Residents of the Annawadi slum, Mumbai -- AFP

Reviewed by Razeshta Sethna 

Urban poverty in India is expected to rise as the pace of modernisation increases, resulting in the continued marginalisation of slum settlers. By 2030, urbanisation is projected to reach the 50 per cent mark with more and more people migrating from rural areas.

Because economic reforms have not created opportunities or provided infrastructure such as housing, water, sanitation, healthcare, and education, slum settlers live in abject poverty. More than 54 per cent of slums do not have toilets, for instance, and settlers face the perpetual threat of eviction and violence. Families living below the poverty line are not eligible for government services such as healthcare, security and education, although they contribute hundreds of millions of dollars annually in economic output.

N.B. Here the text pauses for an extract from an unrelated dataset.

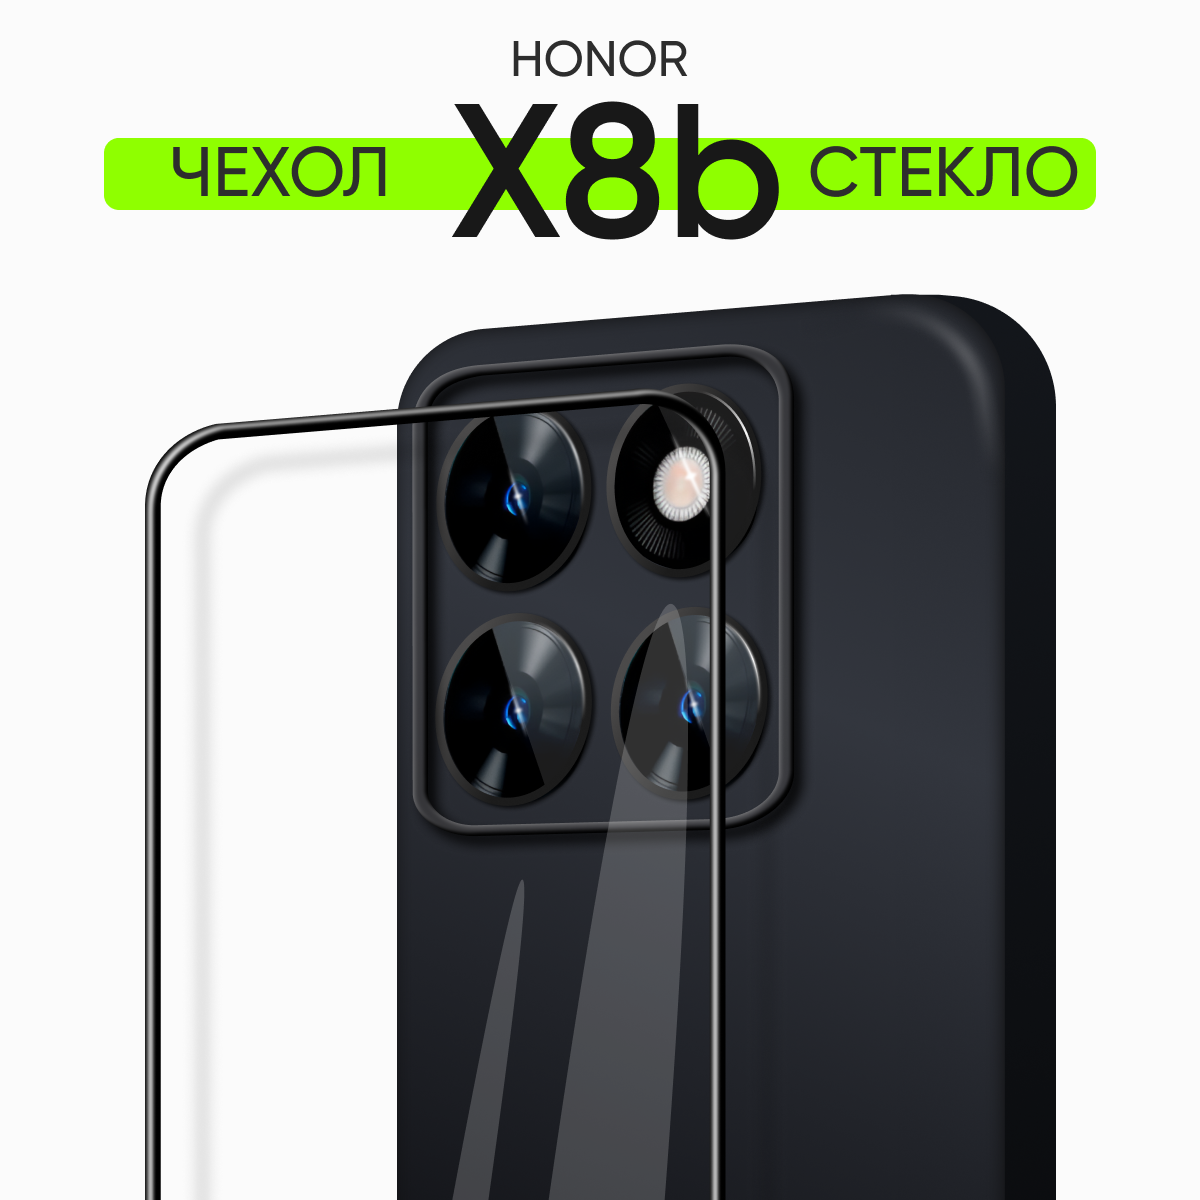 Комплект 2 в 1: Чехол №80 + стекло для Honor x8b / противоударный силиконовый черный матовый клип-кейс с защитой камеры на Хонор Икс 8б

This makes for the story of a Mumbai slum settlement, Annawadi, documented meticulously by Katherine Boo in Behind the Beautiful Forevers. The book has been nominated for the Guardian First Book Award 2012. A Pulitzer Prize winning staff writer at the New Yorker, Boo spent more than three years researching Annawadi, experiencing the noxious smells, the violent scenes and painful incidents in a place where “scavengers slept on top of their garbage bags to prevent other scavengers from stealing them”.

Economic survival for Annawadi’s slum-dwellers is a daily struggle with minimum rewards. Yet, to be called a “poor boy” is an insult nobody is ready to take, Boo explains in a narrative that is part-story and part anthropological study of “a bitty slum popped up in the biggest city of the country that holds one third of the planet’s poor”. Here 3,000 residents don’t hold permanent jobs, most young boys work for daily wages as scavengers or try to earn some money hawking flowers on traffic signals. Others clean homes as domestic servants and some desperate women work afterhours to please eager-to-buy clients for a few hundred rupees.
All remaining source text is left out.